WORK INSTRUCTIONS: Emit a verbatim copy of the lines below from the line with "optimate lithium battery" through the line with "Gigastone GSTD38G1600 (2", excluding pictures and everything outside that range.

RECORDED DATA:
/---

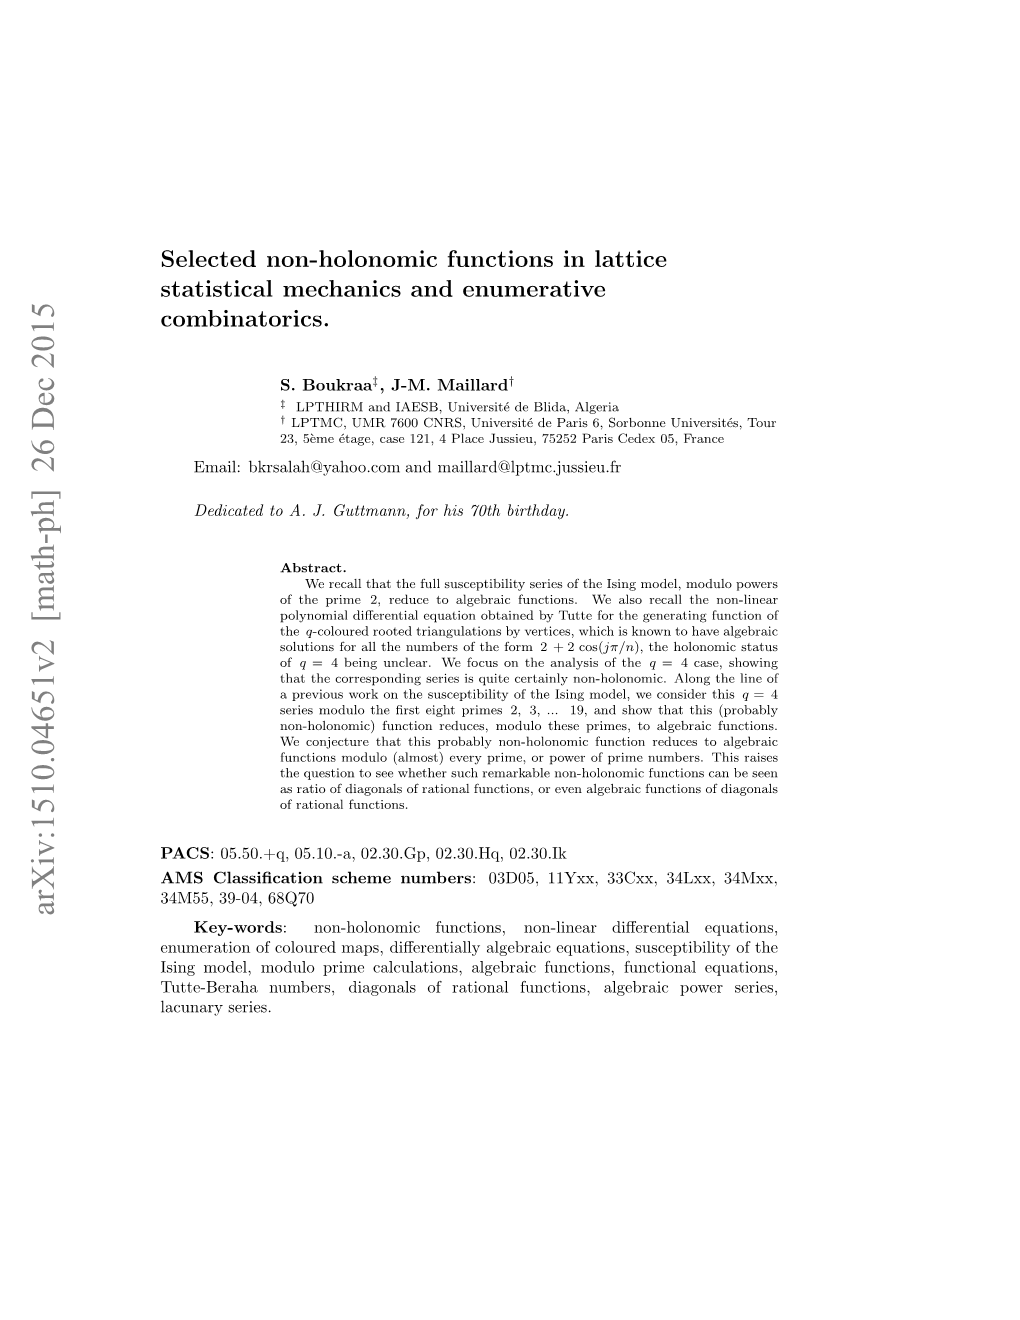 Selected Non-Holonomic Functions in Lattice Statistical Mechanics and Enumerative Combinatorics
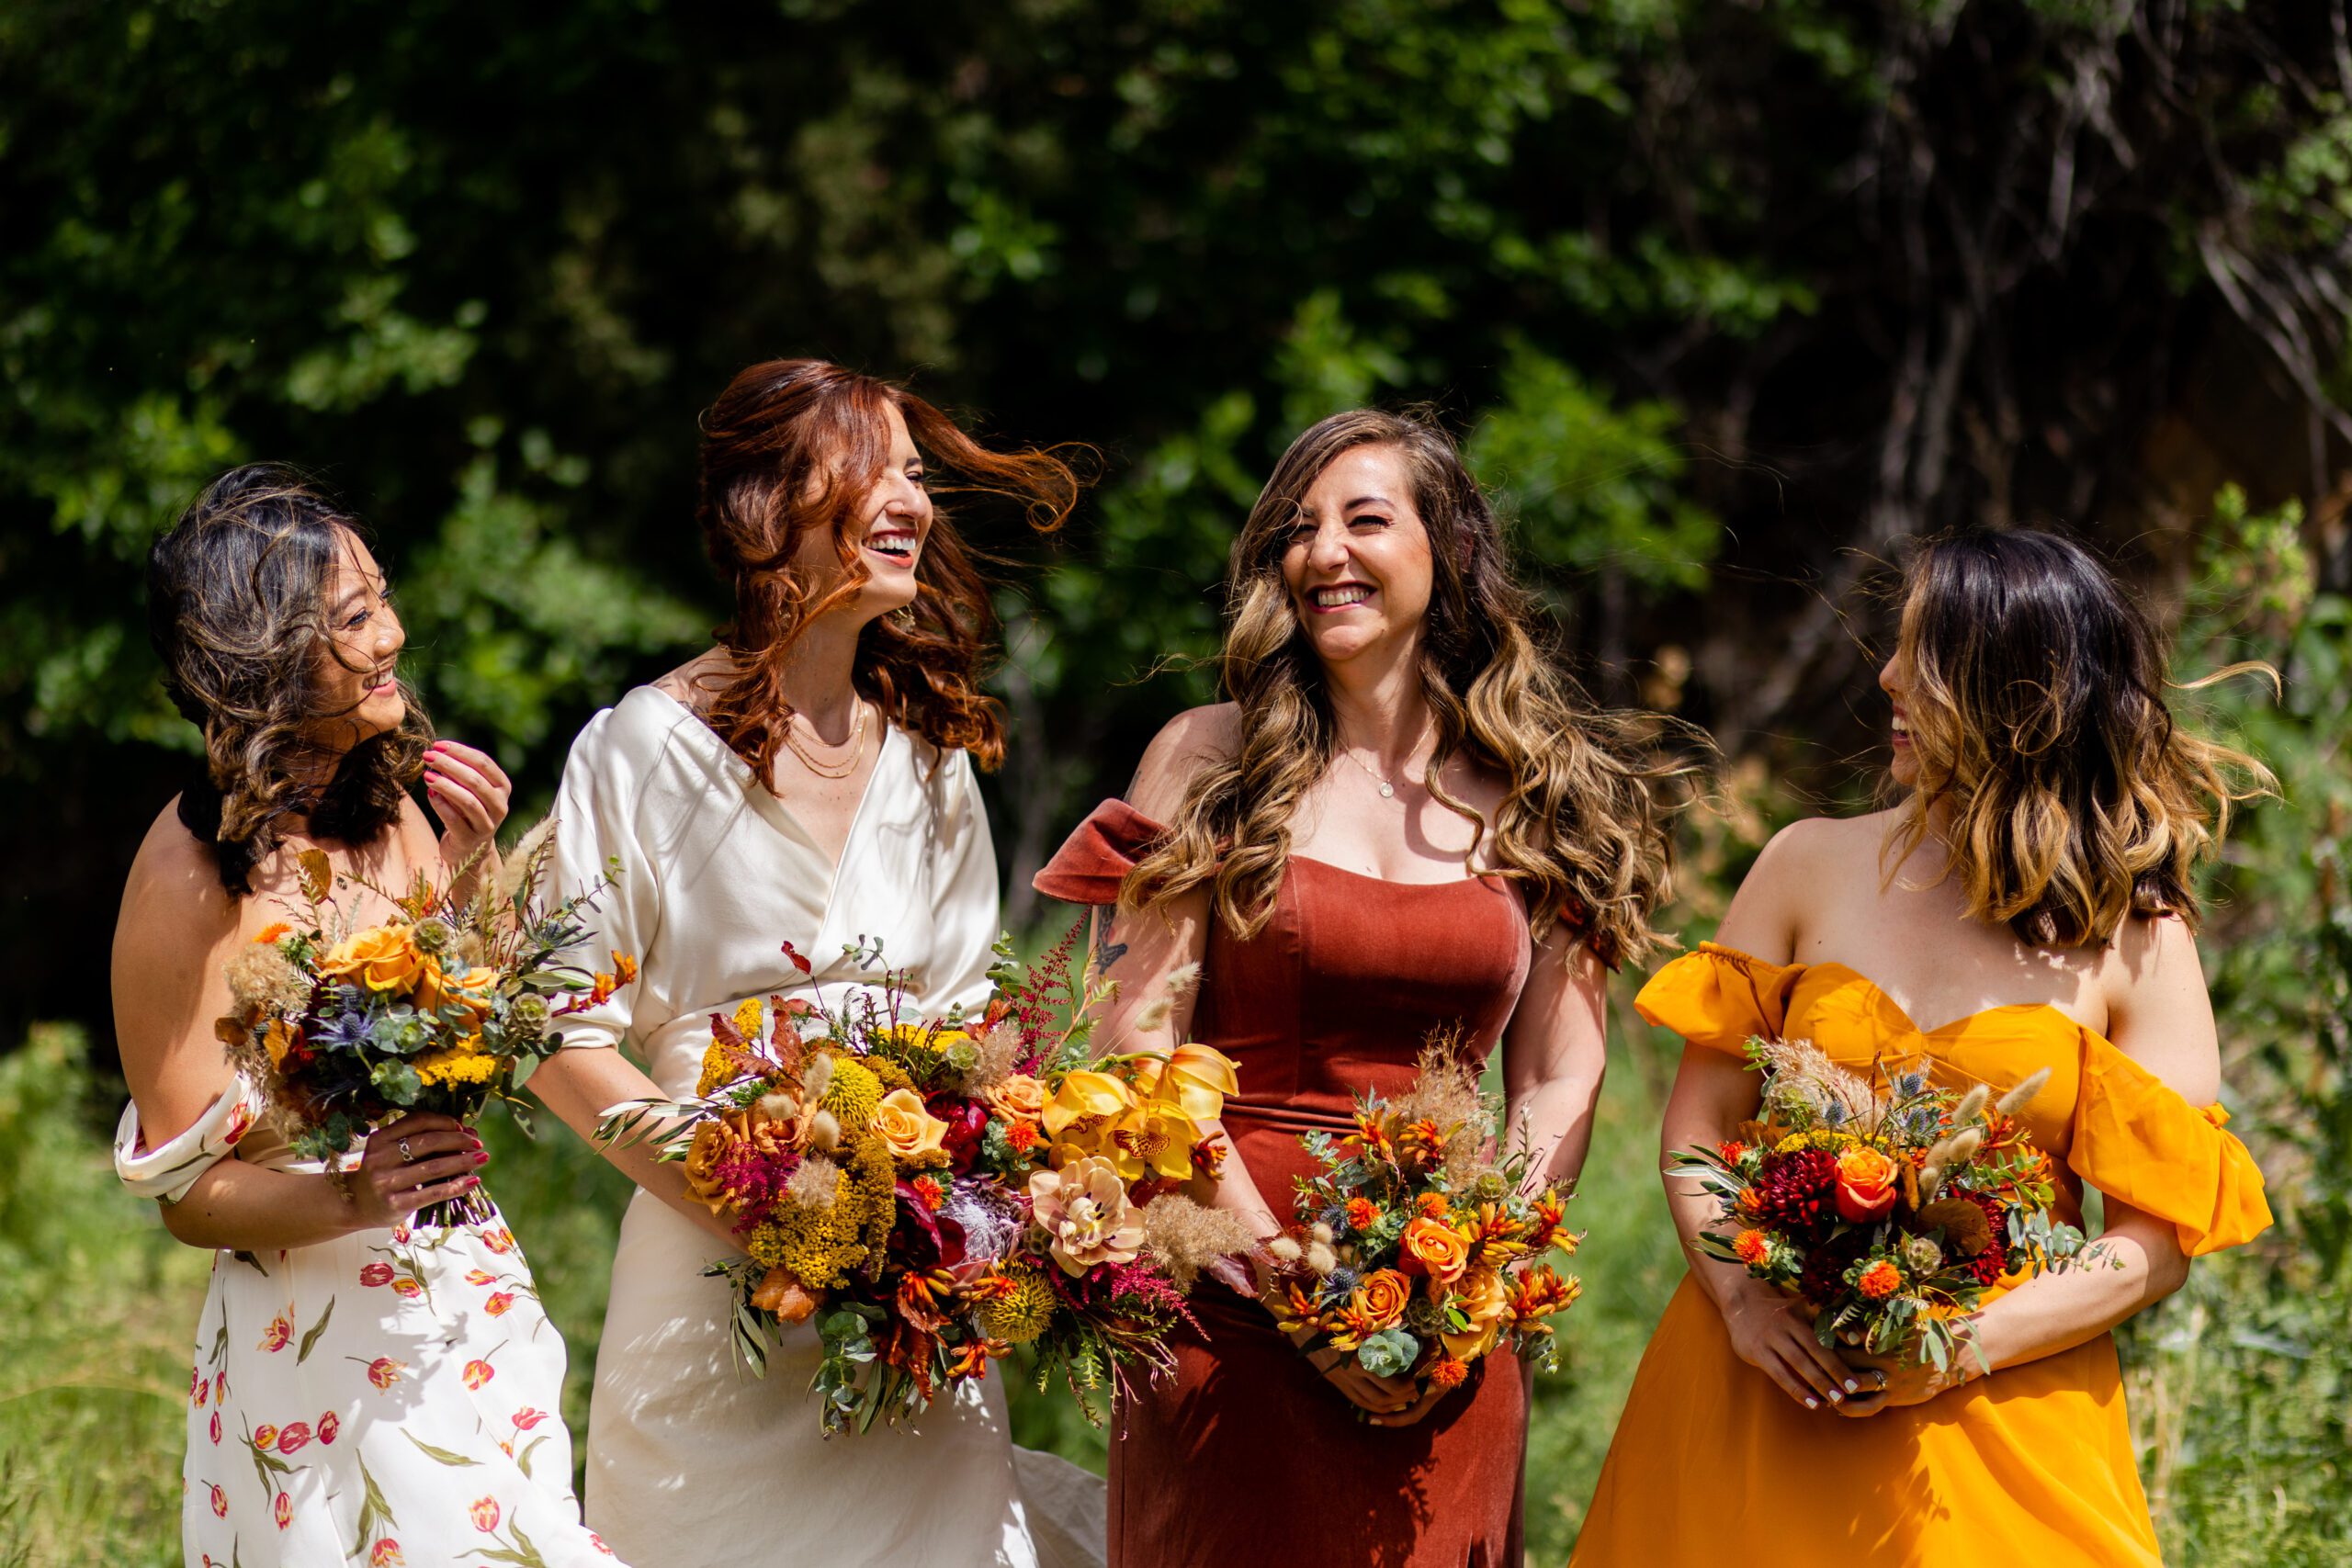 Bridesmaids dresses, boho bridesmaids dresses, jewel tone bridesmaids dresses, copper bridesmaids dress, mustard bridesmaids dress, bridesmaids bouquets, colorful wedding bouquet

\---
/---

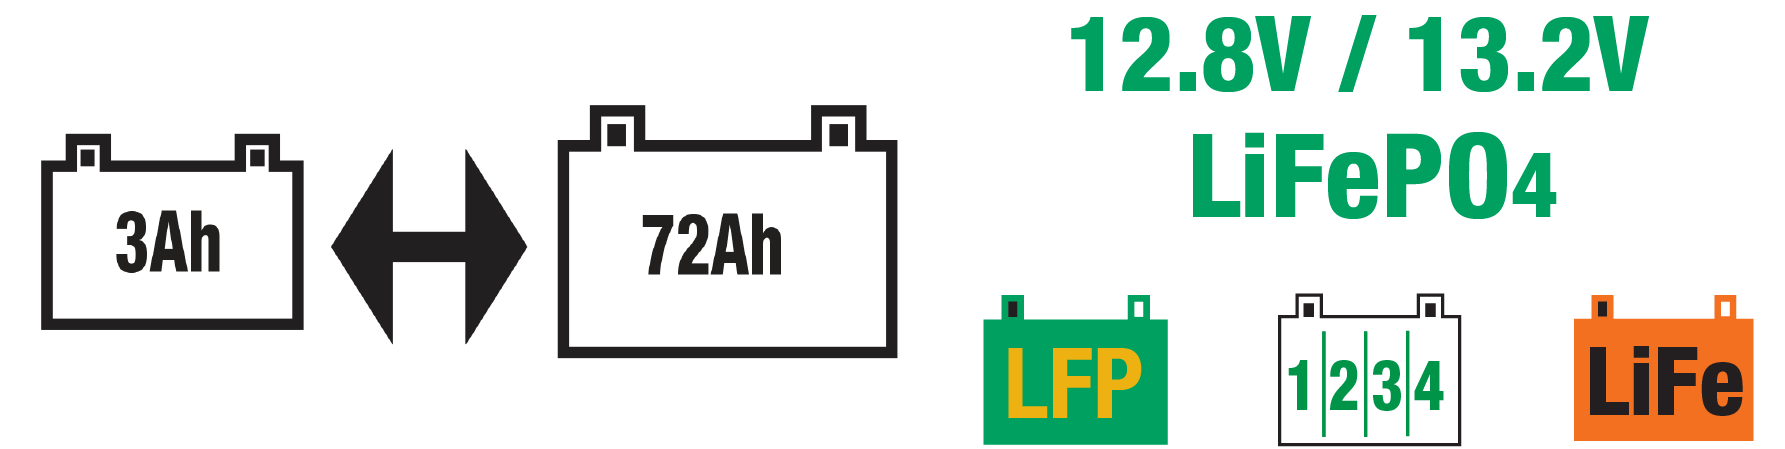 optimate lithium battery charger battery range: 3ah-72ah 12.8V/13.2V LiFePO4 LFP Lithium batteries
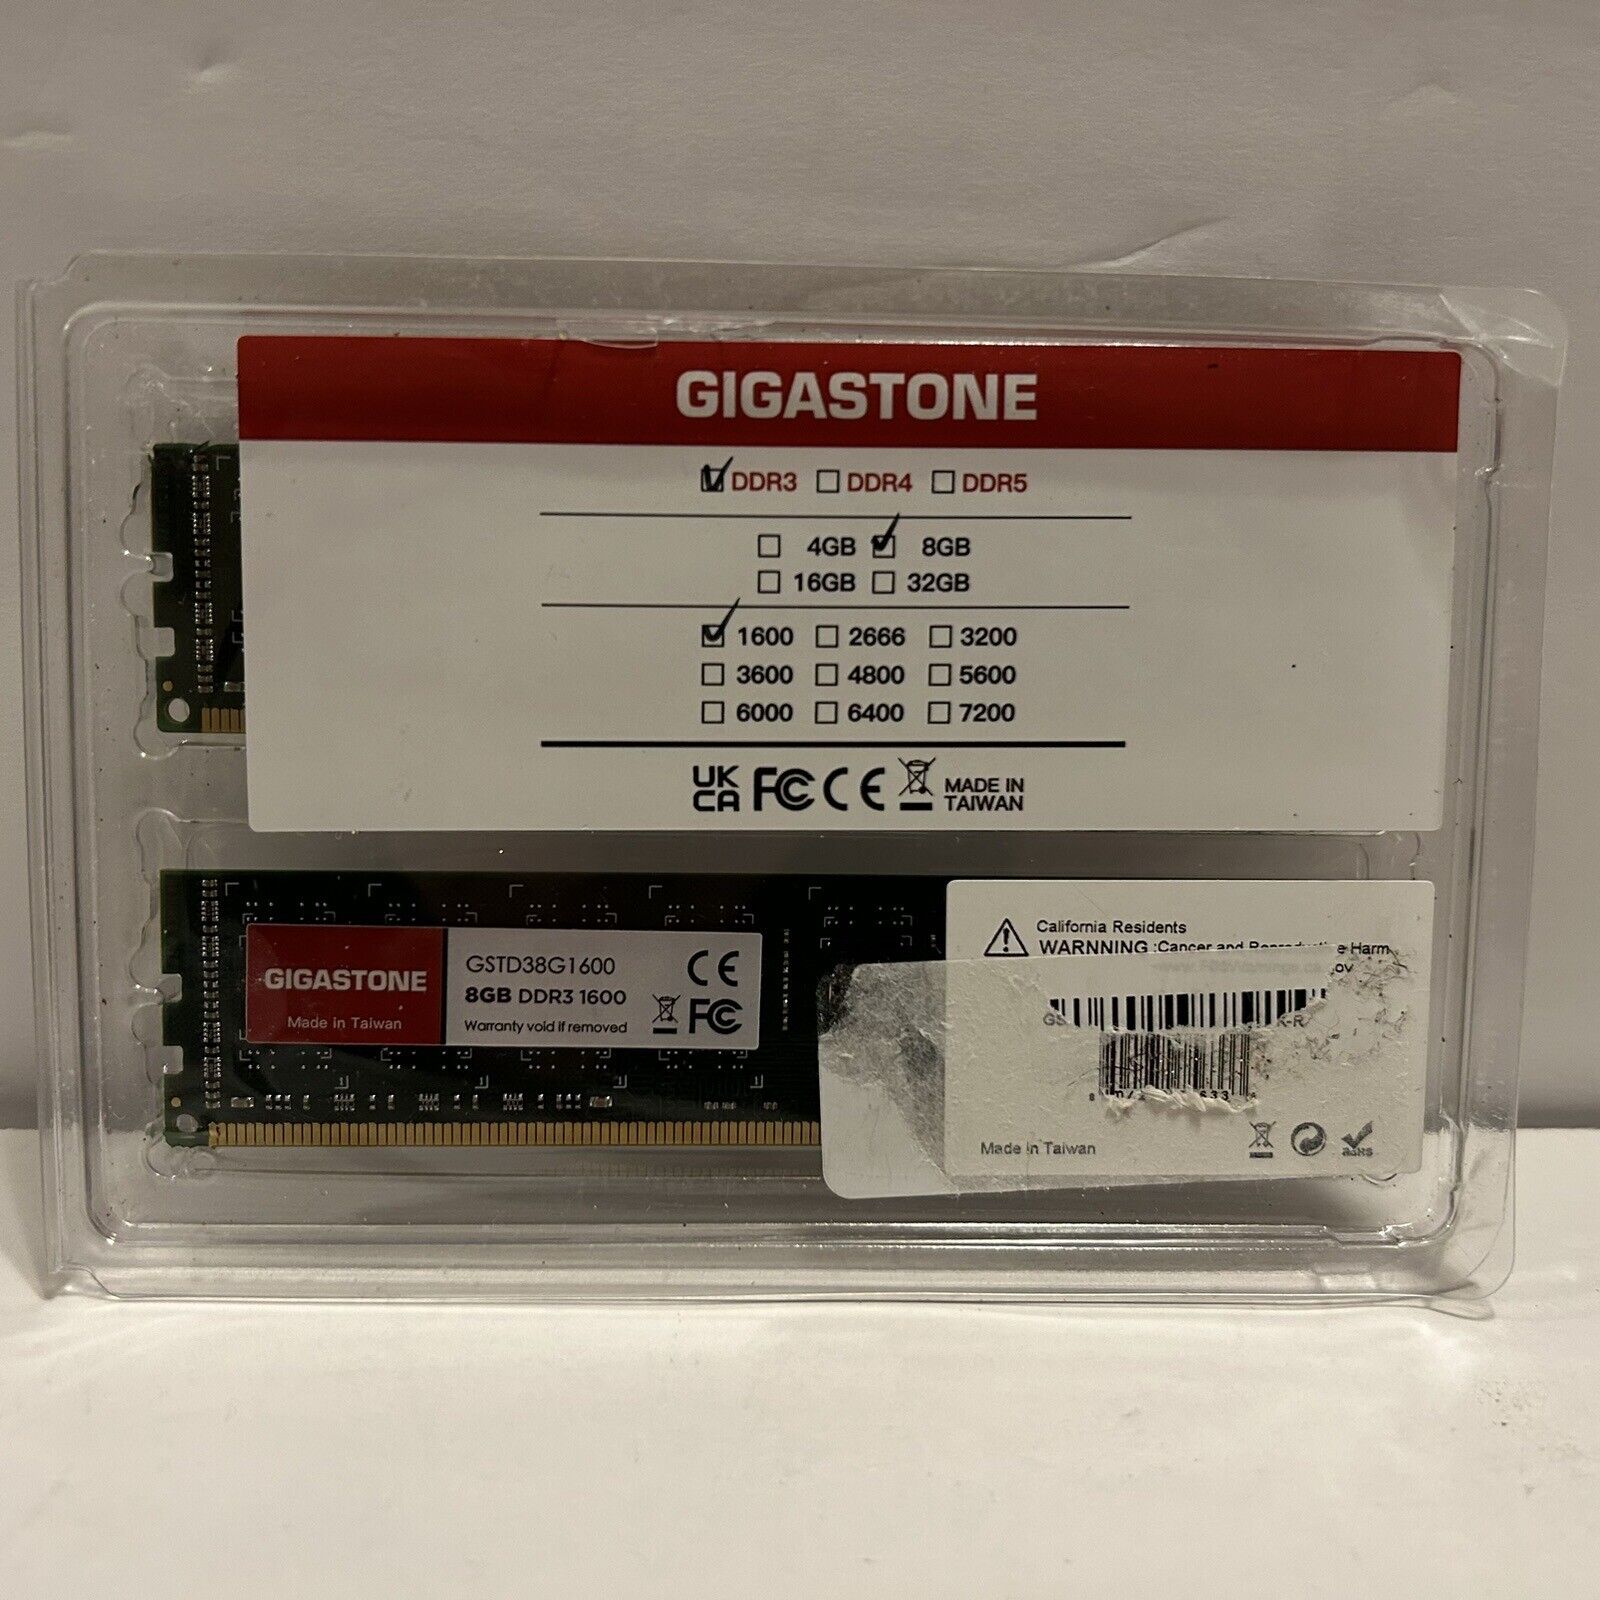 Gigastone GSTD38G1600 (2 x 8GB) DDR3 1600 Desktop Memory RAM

\---

RESPONSE BOX:
 optimate lithium battery charger battery range: 3ah-72ah 12.8V/13.2V LiFePO4 LFP Lithium batteries
 Gigastone GSTD38G1600 (2 x 8GB) DDR3 1600 Desktop Memory RAM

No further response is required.